Her voice was soft, resigned. Cristiano tried to focus on what she was saying—to make sense of it—but the ache in his head had intensified so that it felt as if someone was hitting the inside of his skull with a sledgehammer.

‘I have no intention of going back,’ he said tersely, remembering how he had planned to spend the rest of the night. In bed with her. Seducing her into telling him everything he so badly wanted to know. But he had underestimated her, he realised now. He had assumed she would fall into bed with him at the merest hint of an opportunity, like any one of the scores of women across the square who were no doubt searching
the Casino for him right now. The fact that she hadn’t was intriguing, as well as surprisingly painfully frustrating.

He thrust his hands in his pockets, gritting his teeth against the throbbing in his head—and in other, more basic parts of his anatomy. ‘I’m going away for a while.’

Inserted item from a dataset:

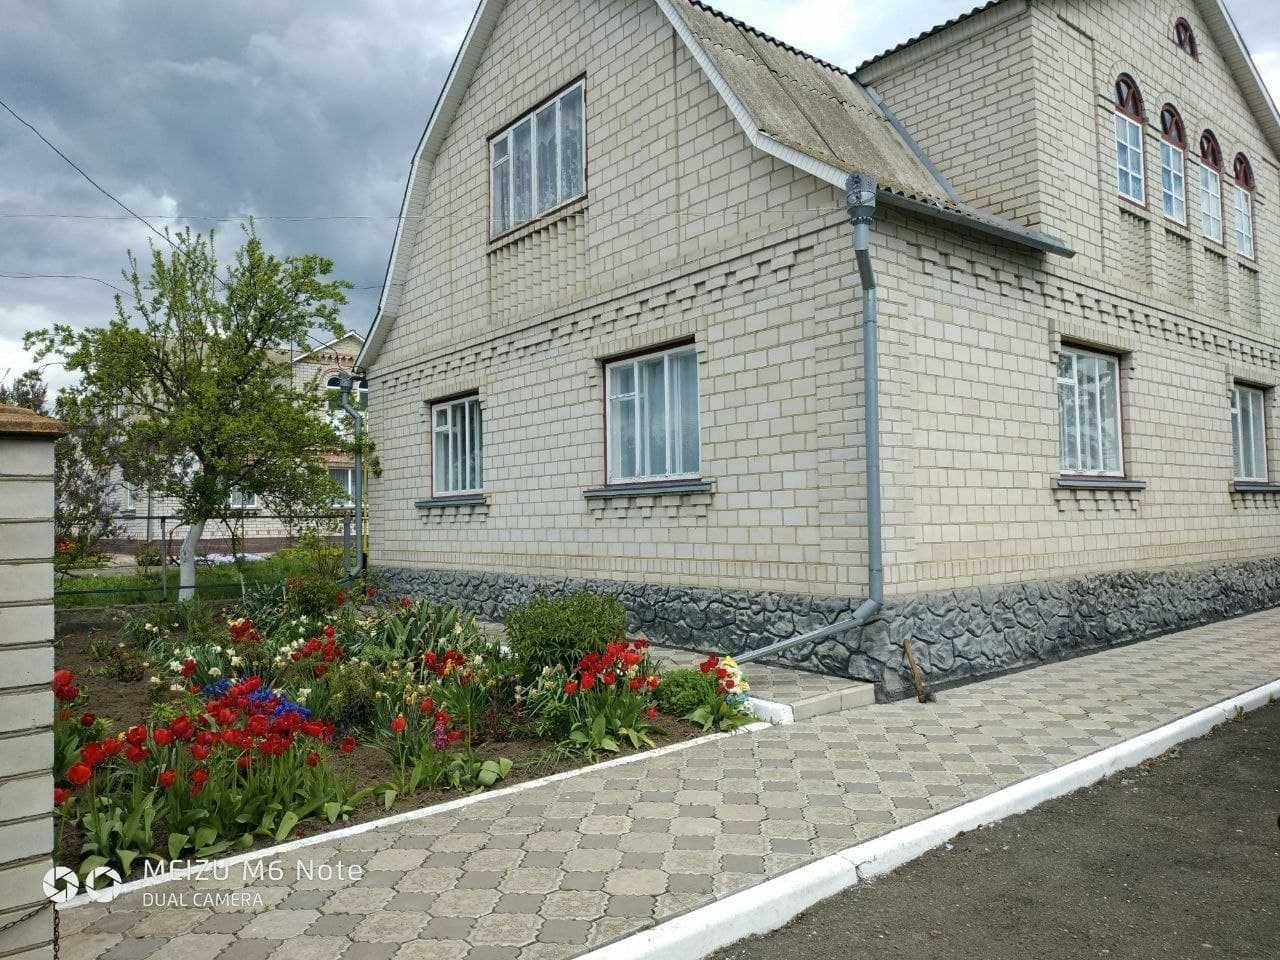 Продам будинок в смт Ружин, Житомирська область

She had moved across to the bed again and was leaning forward, unzipping the case she’d just finished packing. Her hand stilled. ‘Oh? Where to?’

‘A chalet in the Alps. It belongs to a friend.’

His voice was rough in the quiet room. From a long way off he could just about hear the sounds of the party in the Casino—the pulse of the music and the muffled sound of a lot of voices raised to speak over it. Suddenly he was profoundly glad to have escaped.